■ Task goal
Look below for the line that contains "Italian Volcano USDA", then quote it and all the lines after it, exactly, with the pictures left out.

■ Collected material

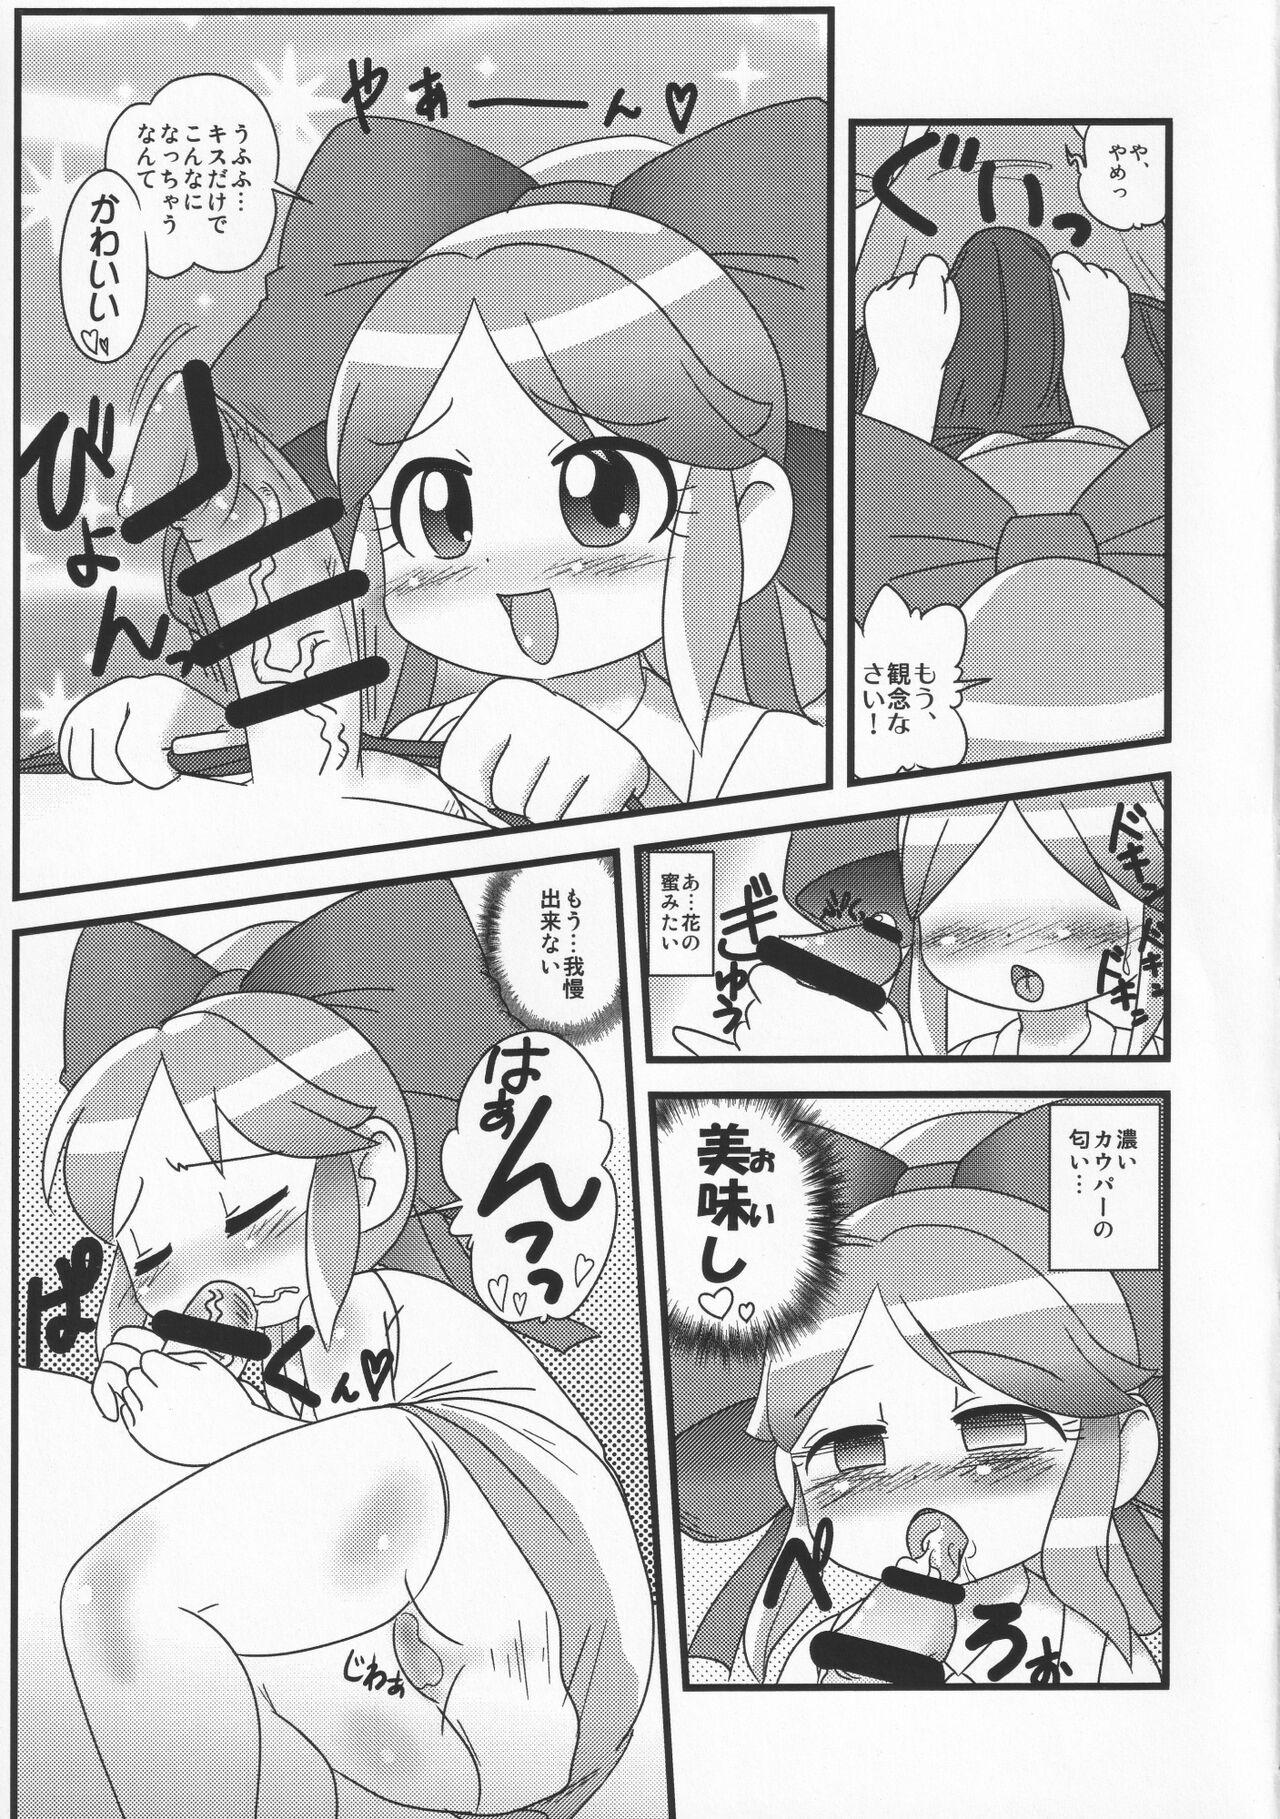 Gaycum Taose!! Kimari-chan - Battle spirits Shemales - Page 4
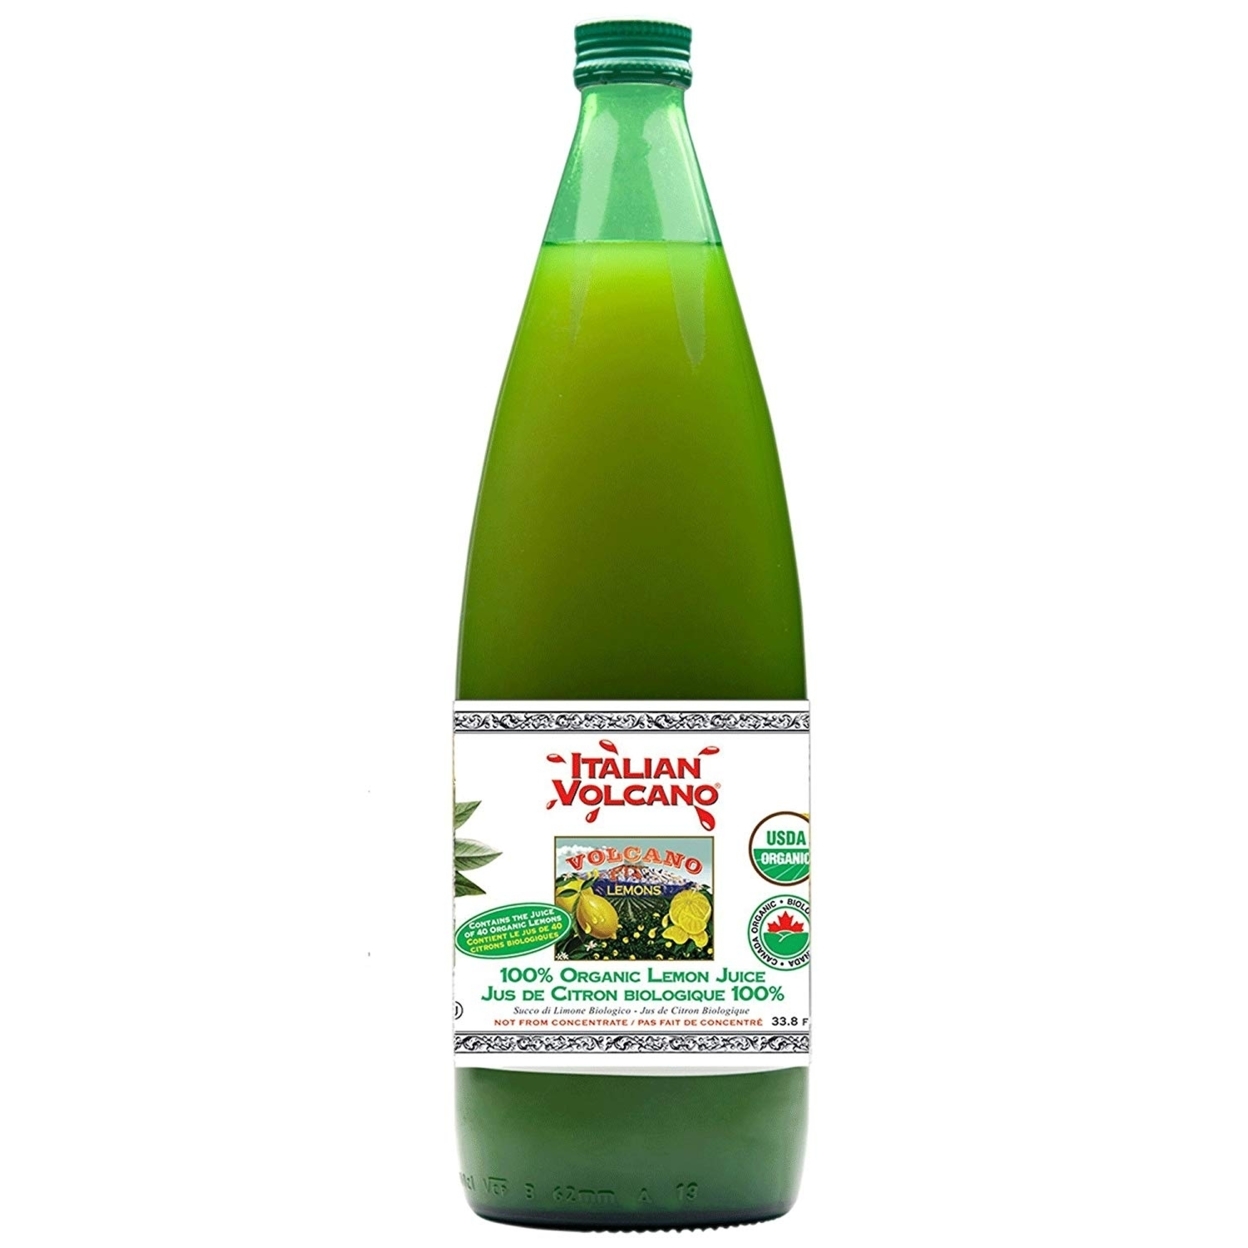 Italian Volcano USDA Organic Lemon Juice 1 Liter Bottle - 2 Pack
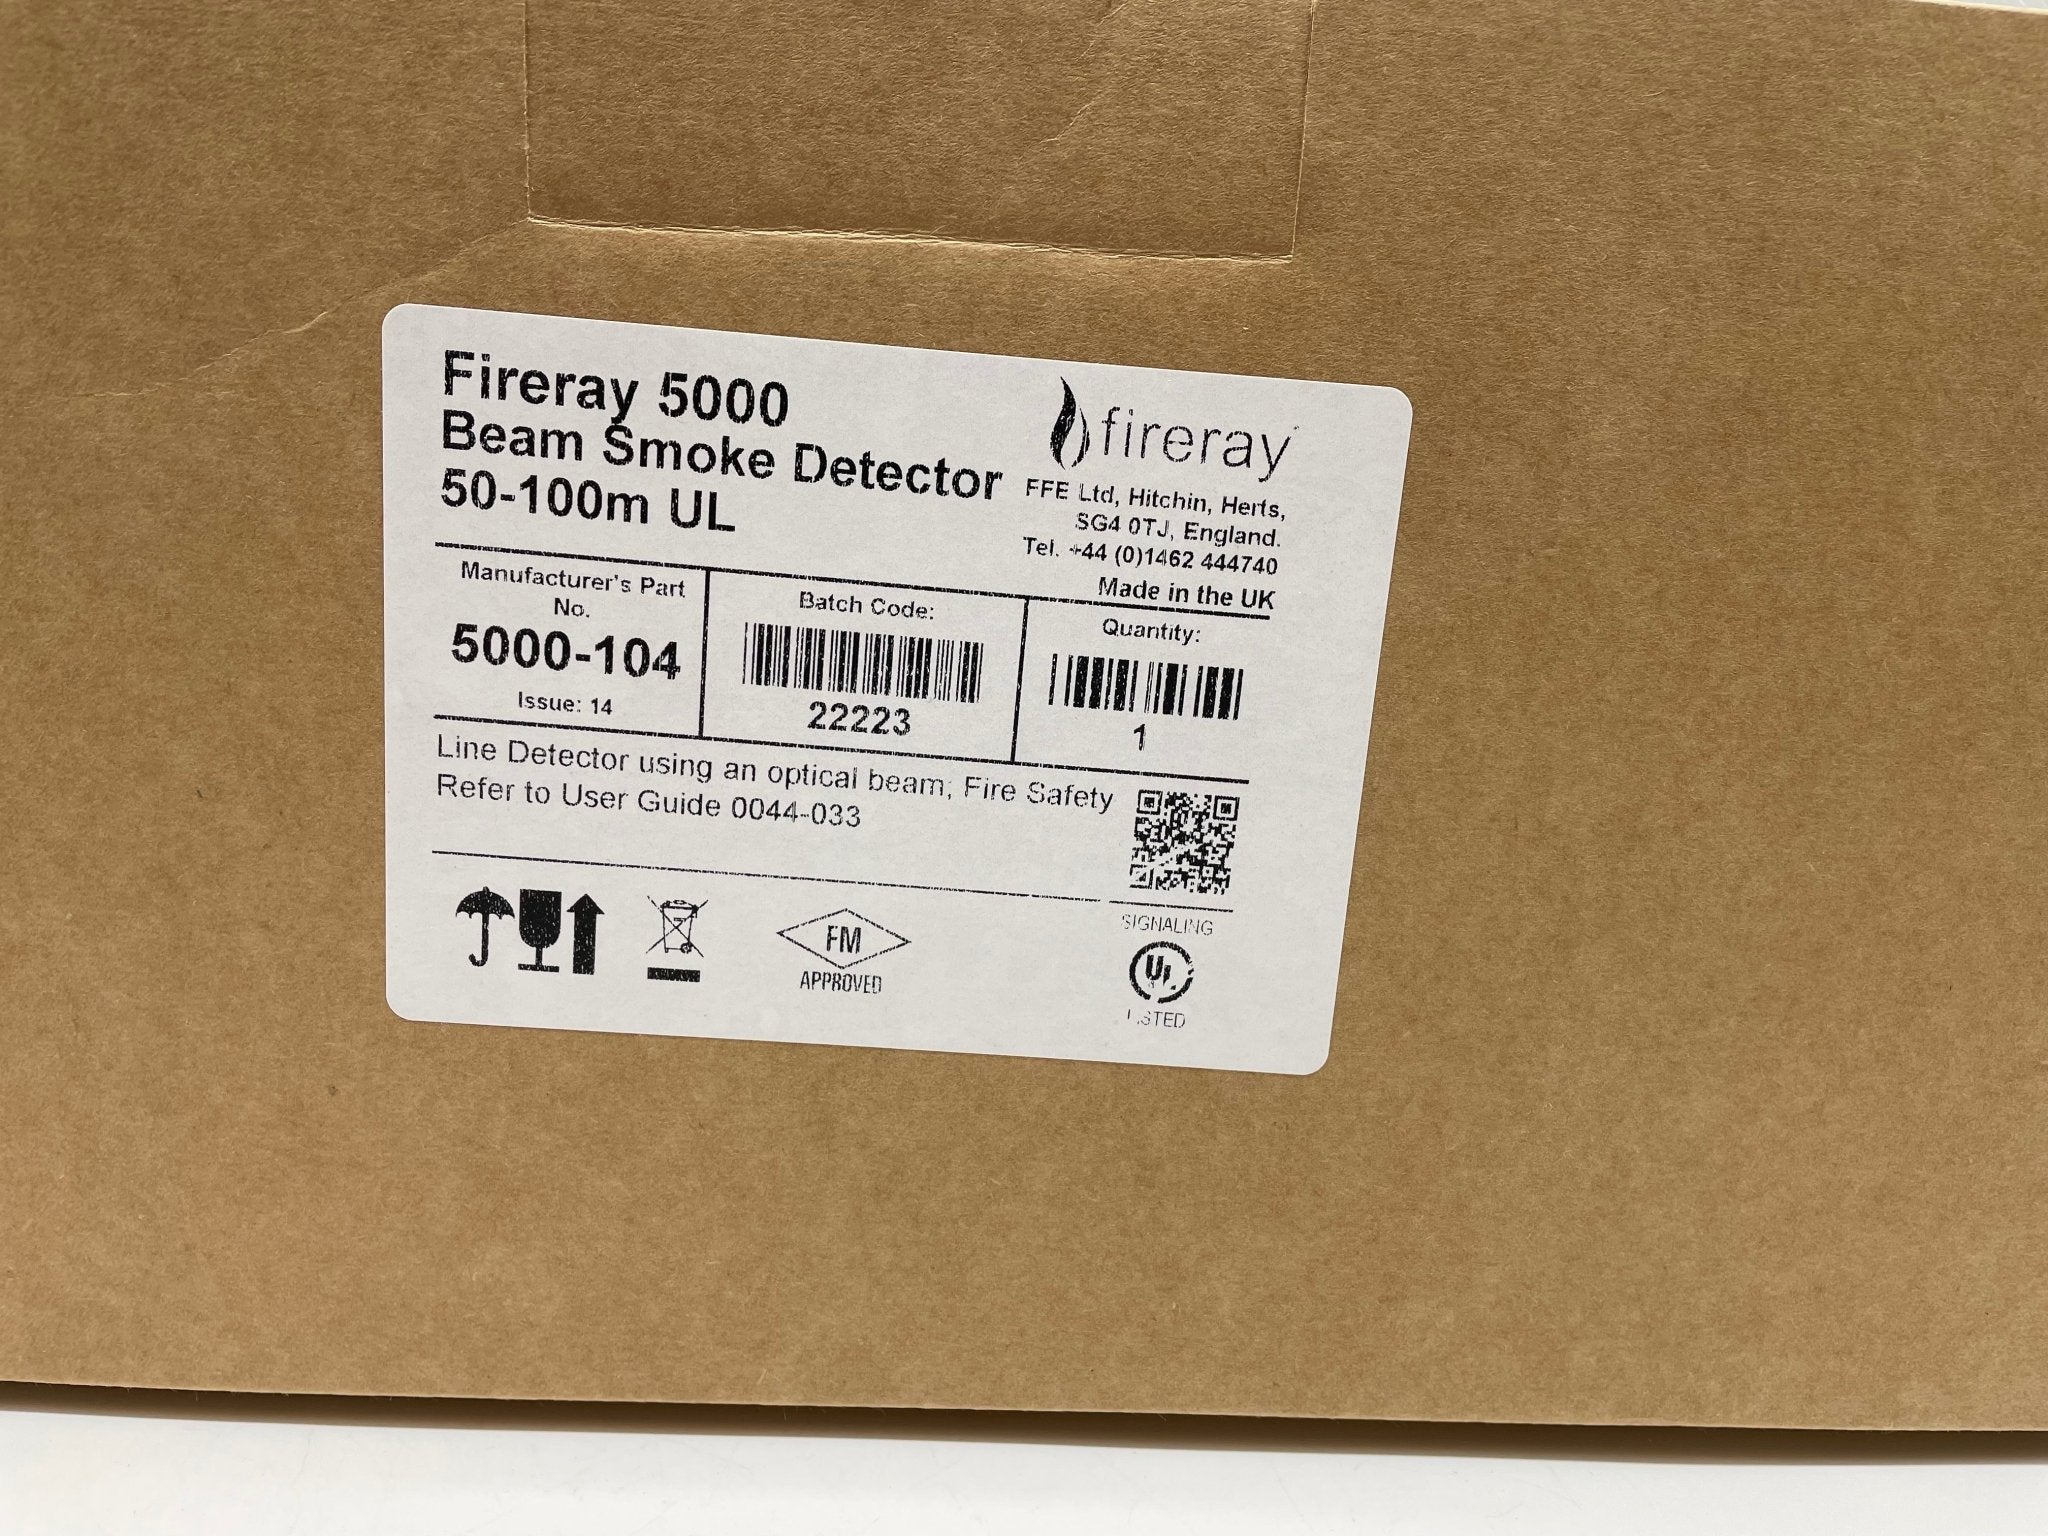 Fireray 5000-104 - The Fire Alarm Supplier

■ Solved problem
 Italian Volcano USDA Organic Lemon Juice 1 Liter Bottle - 2 Pack
 Fireray 5000-104 - The Fire Alarm Supplier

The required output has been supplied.